Просто сказать «это она переделала тебя» означало бы признать ее преимущество. Иоанна решила вообще не упоминать об Эльжбете, об этой сволочной бляди, которая подлизывалась к ней, притворялась другом семьи и выпытывала домашние секреты. Небось она терлась об него сиськами, когда «поправляла пломбочки», гладила его по щеке: «У меня не бывает больно, я не отягощаю себе карму чужим страданием. Я буддистка, это скорее философия, чем религия».
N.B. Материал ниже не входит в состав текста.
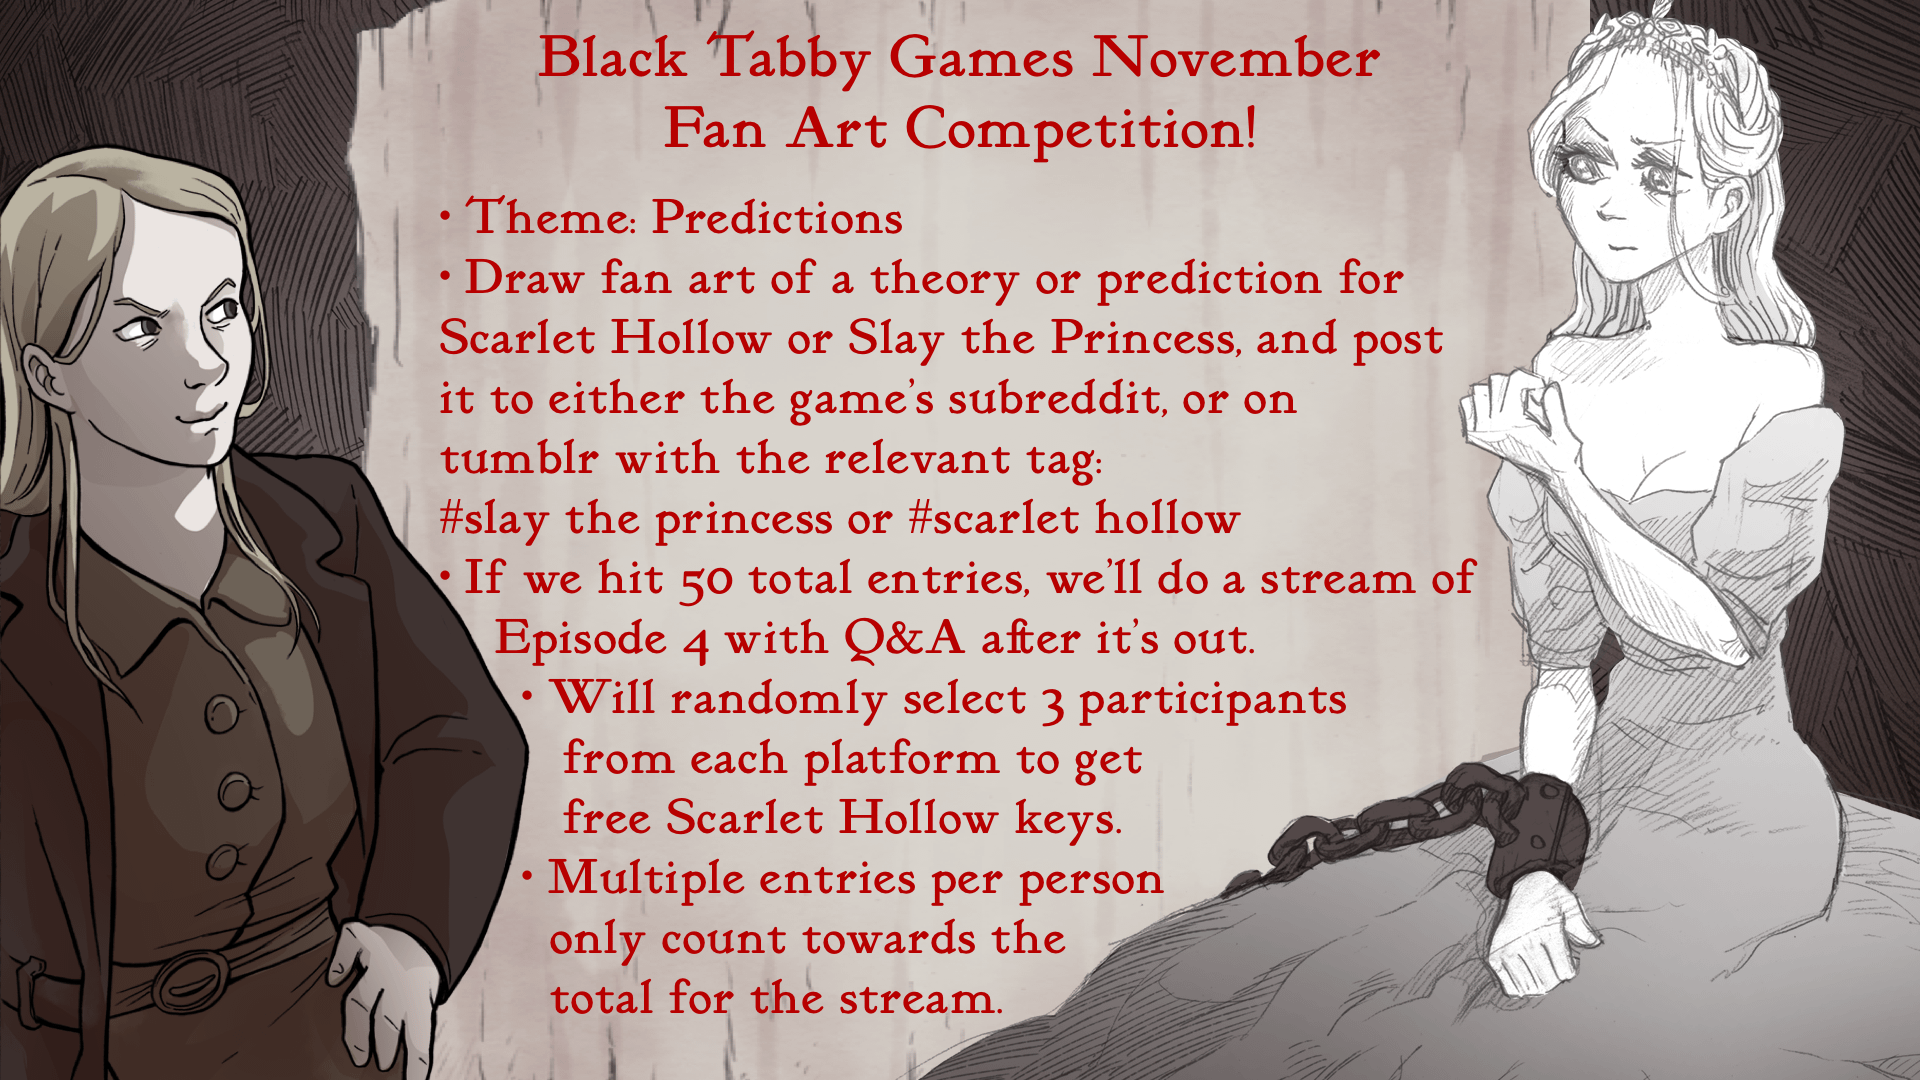 Slay the Princess and Scarlet Hollow fan art competition!

– До этого нужно дорасти. – Он оставлял позади жену как низшую, изжитую форму своего развития.
Иоанна чувствовала, как в ней поднимается ярость. Сейчас она была способна разорвать его в клочья. Но потерять контроль над собой означало потерять очки. Потом, вместо того чтобы разговаривать, она вынуждена будет извиняться, и у него появится преимущество… Да оно у него уже есть: это ведь он диктует условия, сообщает, когда придет и что будет делать дальше. Прежде чем он ушел, Иоанна вынудила его согласиться на сеанс брачной терапии.[91]
На пороге Марек огляделся, не забыл ли чего. Фотография понтифика покрылась каплями влаги, стекающей с лиловых веток сирени, срезанных Иоанной после дождя и поставленных в вазу на серванте.
«Ты знаешь, с каким трудом я на это решился, – мысленно обратился Марек к Папе. – Я весь изломан – Габрыся, мальчики… Иоанна не сделала мне ничего плохого, я ее люблю. А то, что я тебя не послушал… Что ж, я сам себя не слушаю. Говорю себе: Марек, останься… и ничего не выходит. Ты же видишь – это сильнее меня».